Participants were excluded if they had decompensated diseases of the lung or liver, heart failure, end-stage renal disease, active malignancy, secondary hypertension, secondary dyslipidemia, or were pregnant during the study period. Participants related to other enrolled participants up to 3rd degree of consanguinity were also excluded.
Participants are labeled as CCB poor responders (cases) if they still have high blood pressure (systolic BP greater than or equal to 140 mm Hg or diastolic BP greater than or equal to 90 mm Hg) on monitoring or on follow-up despite being on maximum dose of CCBs, either as monotherapy or as part of a multiple antihypertensive regimen. Participants are considered CCB responders (controls) if their blood pressure readings are less than 140/90 mm Hg on monitoring or on follow-up, while on CCB monotherapy. The blood pressure thresholds were based on the definition of hypertension in JNC7.
2.2. Sample size calculation
Sample sizes were computed in the presumed setting of a recessive model to provide the largest sample size estimate, a minimum minor allele frequency of 20% (MAF ≥ 0.20), and an alpha of 0.05, with a case-control ratio of 1:2. The minimum sample size per subgroup was set at 62 cases and 124 controls.
2.3. Clinical data collection
Researchers obtained demographic data and clinical characteristics of the participants such as age, sex, co-morbidities, smoking, and alcohol use status, and results of previous diagnostic tests from patient records and verbal interviews. Clinical chemistry tests were requested to obtain recent lipid profile and serum creatinine levels.

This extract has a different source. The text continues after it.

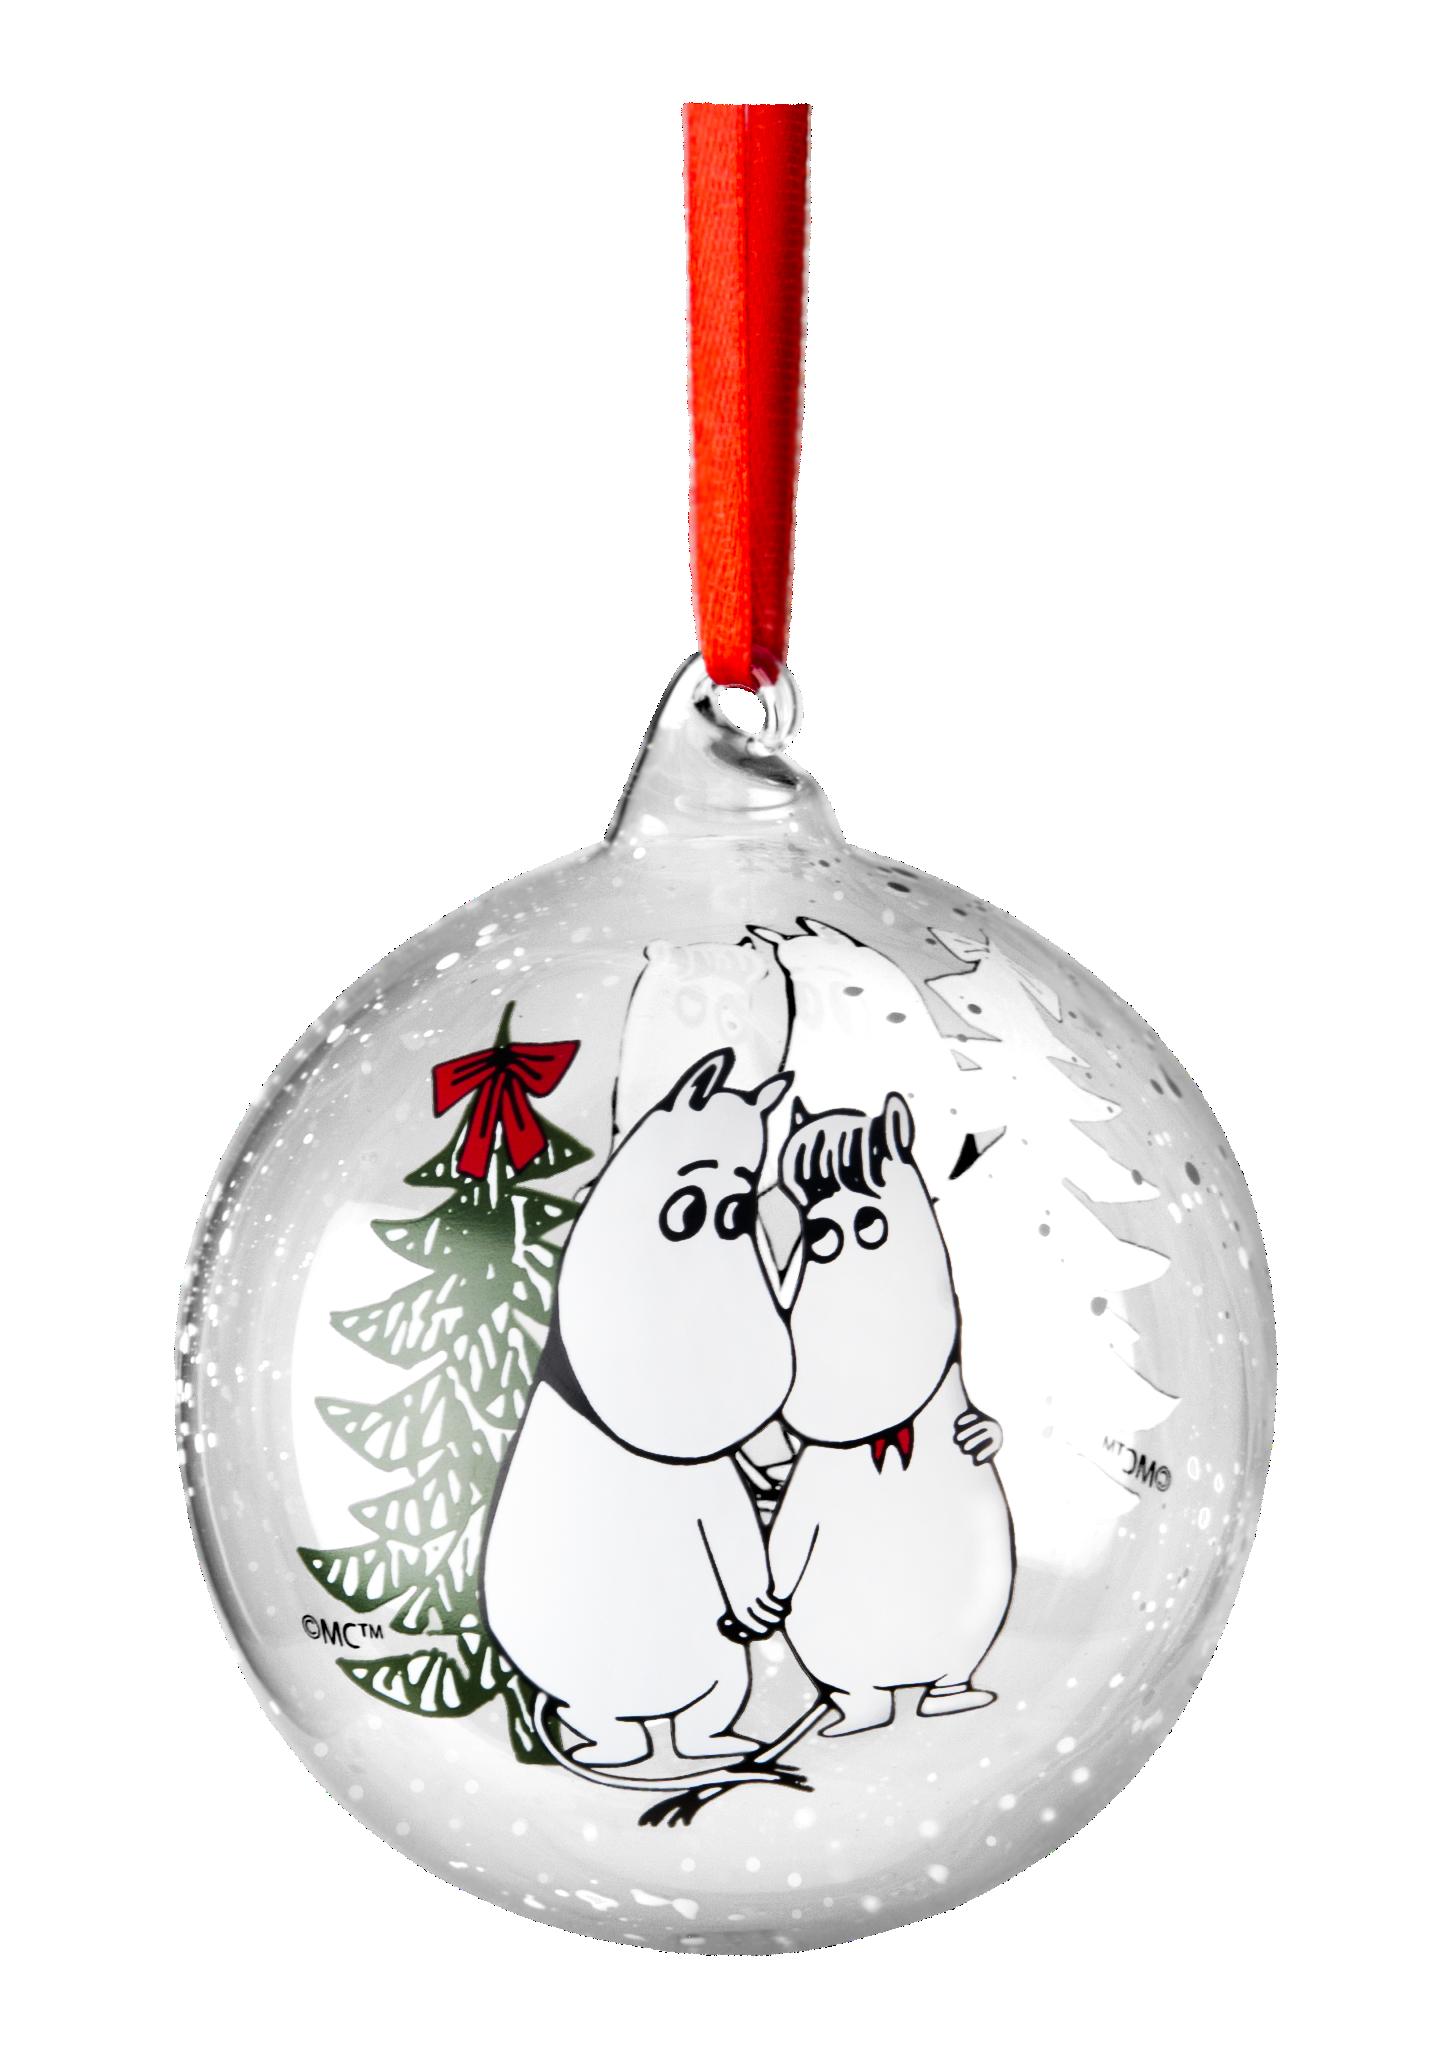 Muurla Moomin Winter Magic decoration ball 9cm
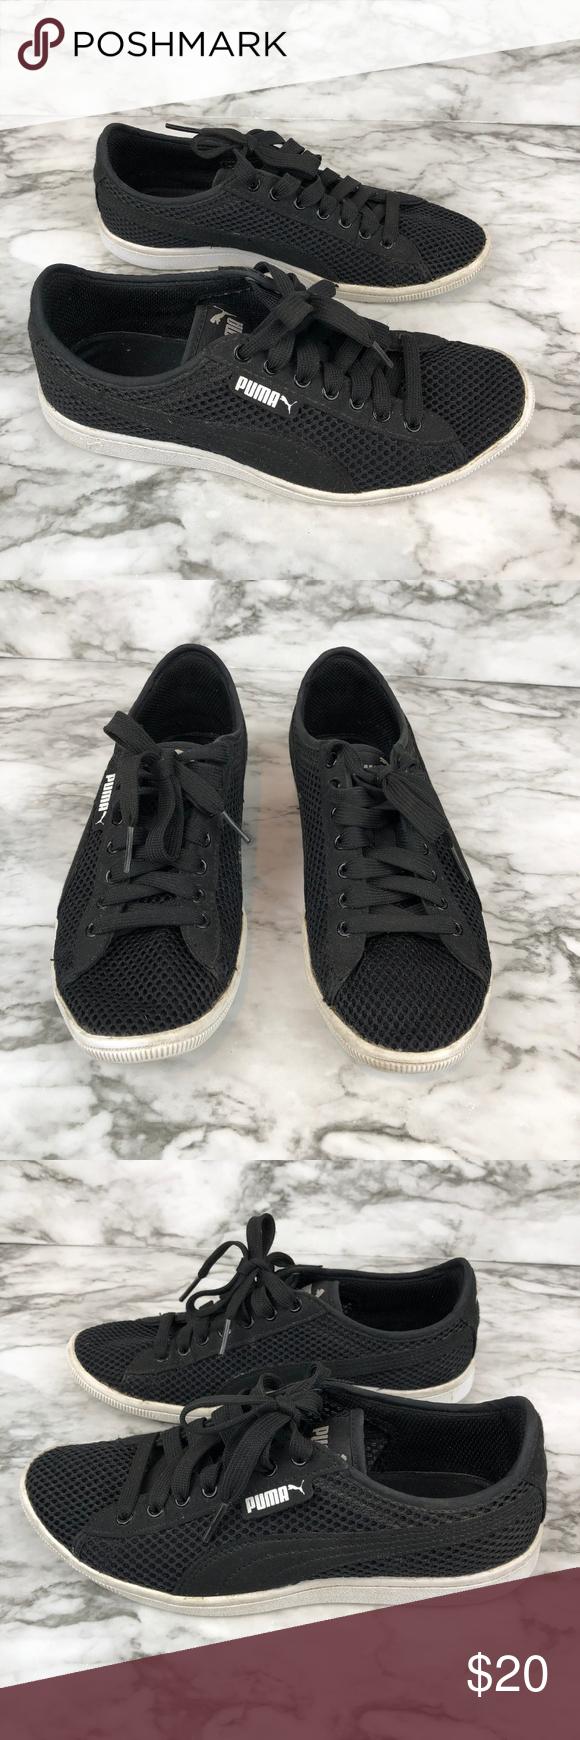 34c009c707c I just added this listing on Poshmark  Puma Black Memory Foam Sneakers Size  6.  shopmycloset  poshmark  fashion  shopping  style  forsale  Puma  Shoes

2.4. Deoxyribonucleic acid extraction and quantification
Deoxyribonucleic acid (DNA) extraction from blood buffy coat was done using the QiaAmp DNA minikit (QIAGEN, Victoria, Australia), following a spin protocol indicated in manufacturer's instruction manual. DNA was quantified using a spectrometer at 260 nm and stored at −20°C until use. All DNA samples had A-260 nm/A-280 nm value equal or above 1.80. These methods are similar to the methods done in studies published earlier by the authors.[14,15]
2.5. Genotyping
Ninety six candidate variants from both coding and noncoding regions which were associated with hypertension and calcium-channel blocker response were included in a customized GoldenGate Genotyping (GGGT) beadchip (Illumina, Inc., San Diego, CA) designed in 2012 (see Table S1, Supplemental Digital Content which describes the variants, and includes the studies/ patents from which they were referenced). Extensive searches were done in the following databases, looking at the risk and protective odds ratios (OR) of the variants: PharmGKB (Pharmacogenomics Knowledgebase) database, National Human Genome Research Institute Genome-Wide Association Study (GWAS) Catalog, PubMed, and selected patent databases (e.g., Patentscope and Espacenet). These variants were submitted to Illumina, Inc. for scoring to determine their suitability to be incorporated into the beadchip and to estimate their specificity.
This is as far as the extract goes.